▶ [Work task]: Every line of the material is to be returned verbatim. Pictures stay out.
Segment Start: Data segment
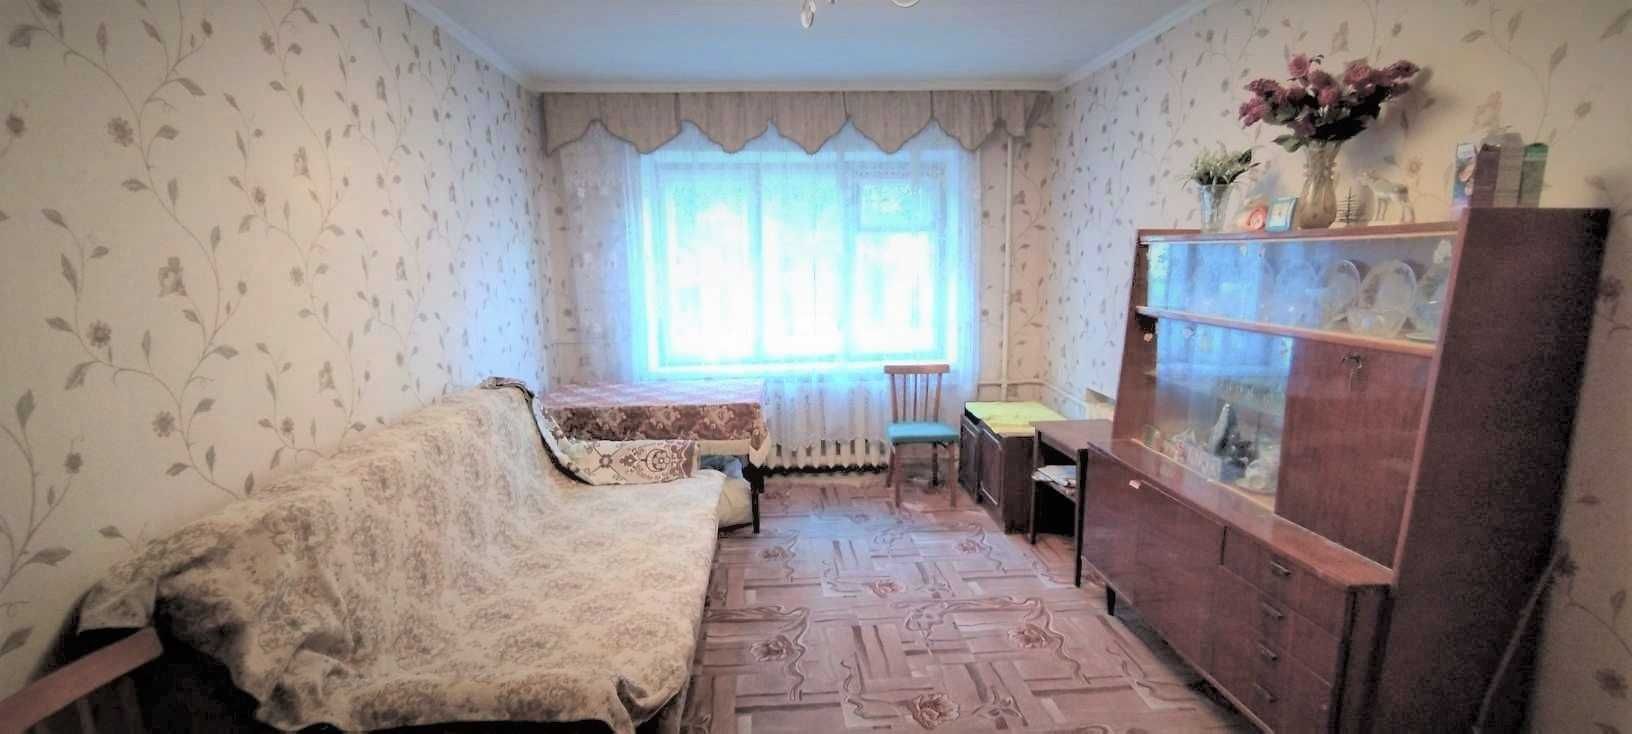 Війскбуд, ПРОДАЖ 1-но кімнатної квартири по вулиці Сквирське Шосе 236
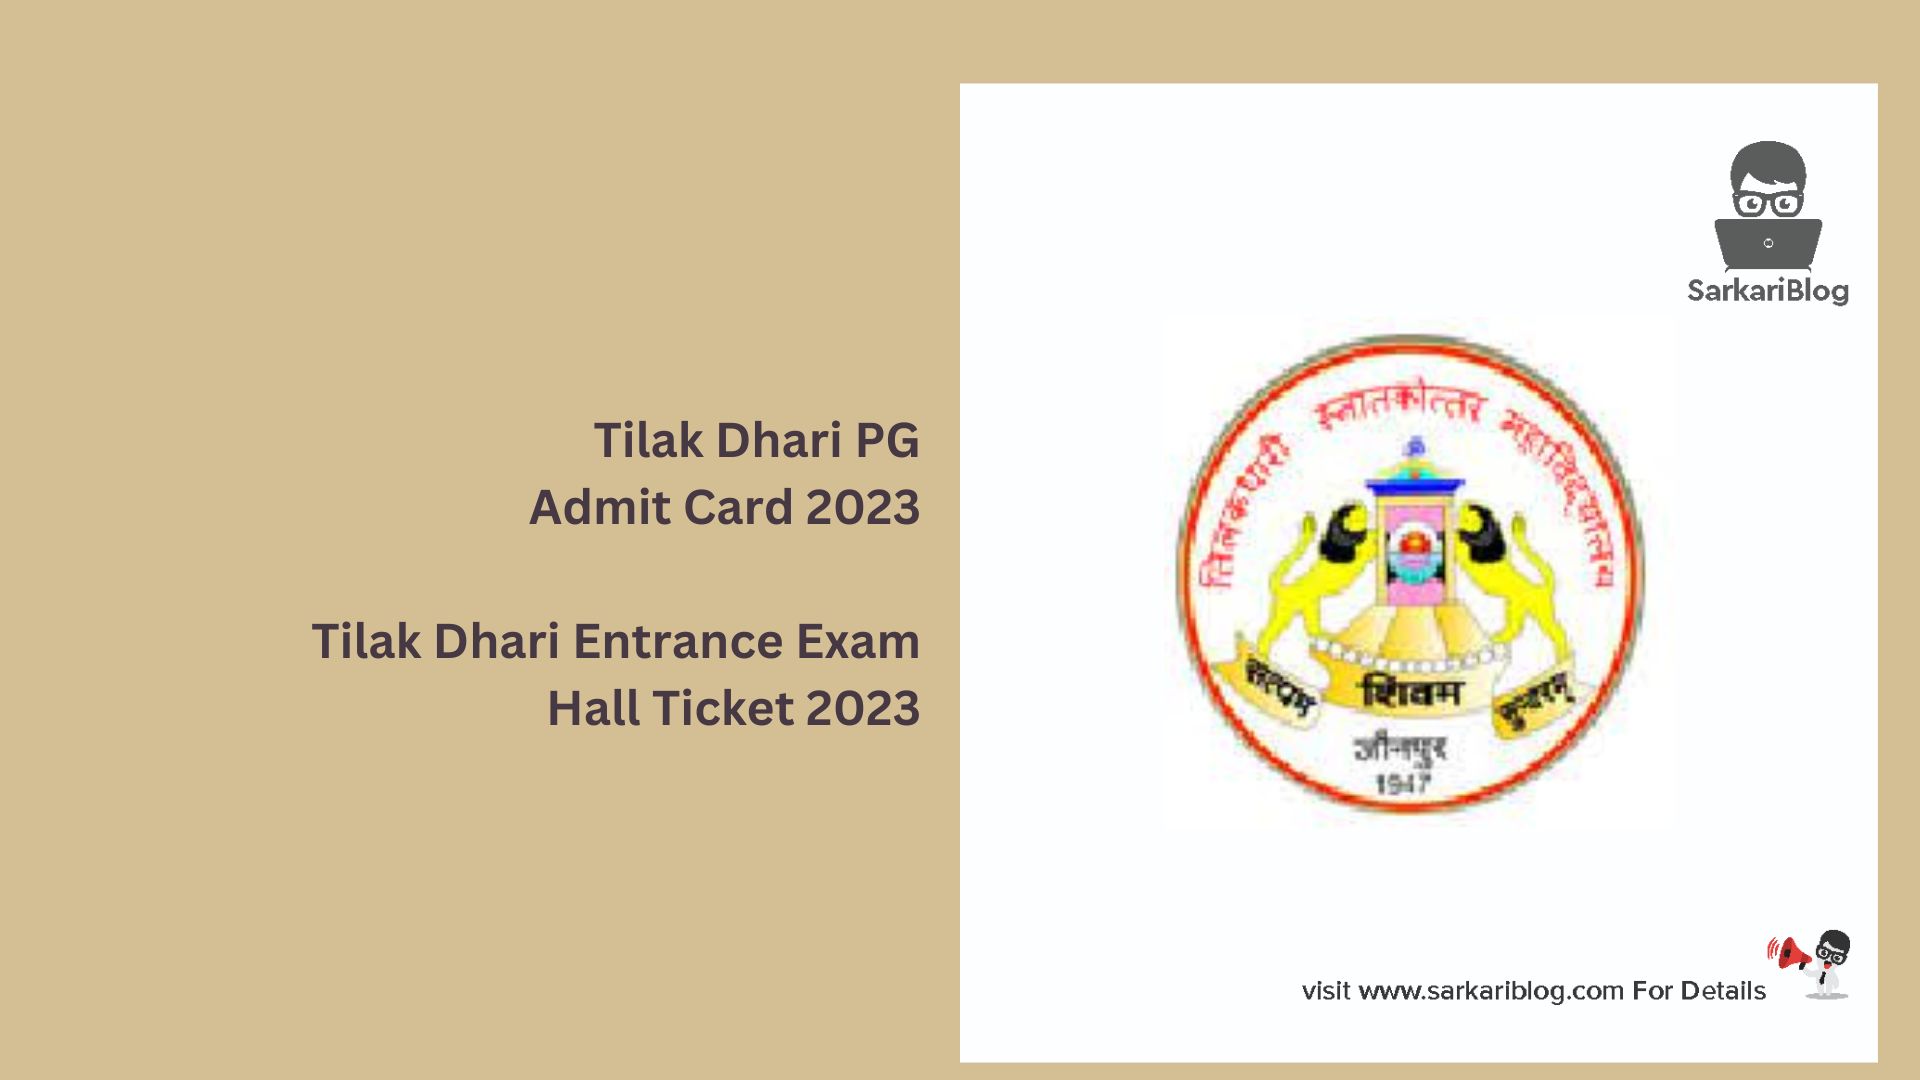 Tilak Dhari PG Admit Card 2023
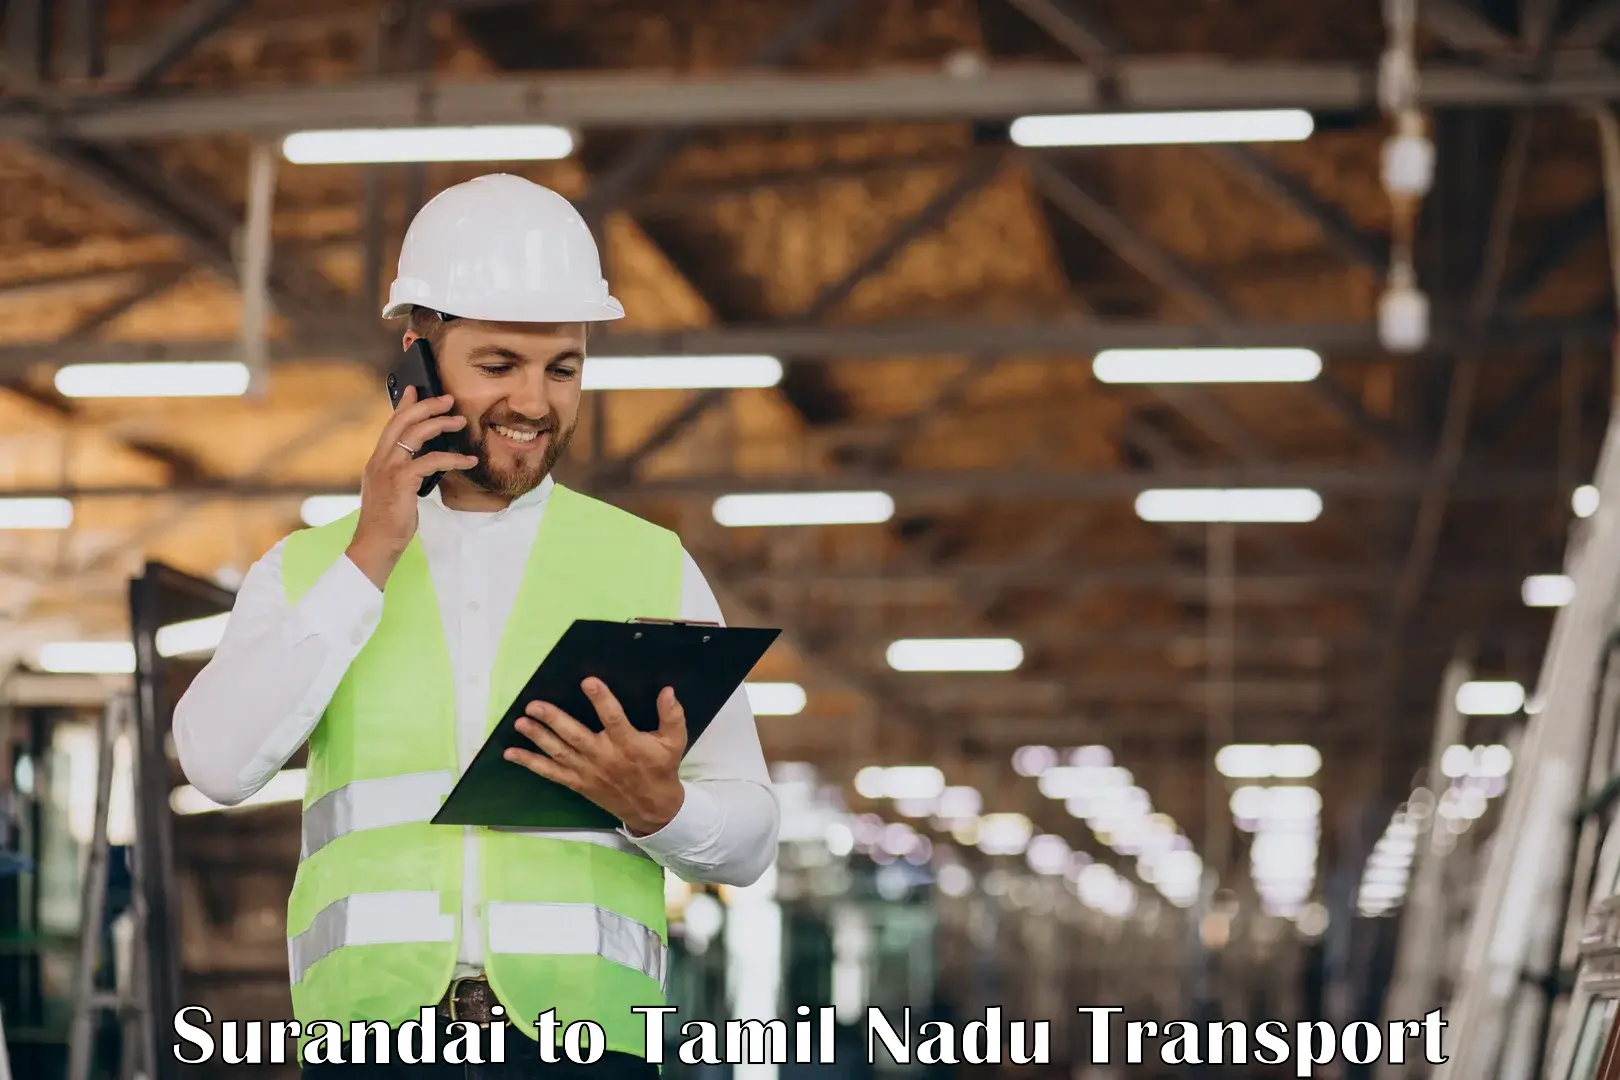 Commercial transport service Surandai to Gudiyattam
Segment End: Data segment
▶ [Solution for this problem]:
 Війскбуд, ПРОДАЖ 1-но кімнатної квартири по вулиці Сквирське Шосе 236
 Tilak Dhari PG Admit Card 2023
 Commercial transport service Surandai to Gudiyattam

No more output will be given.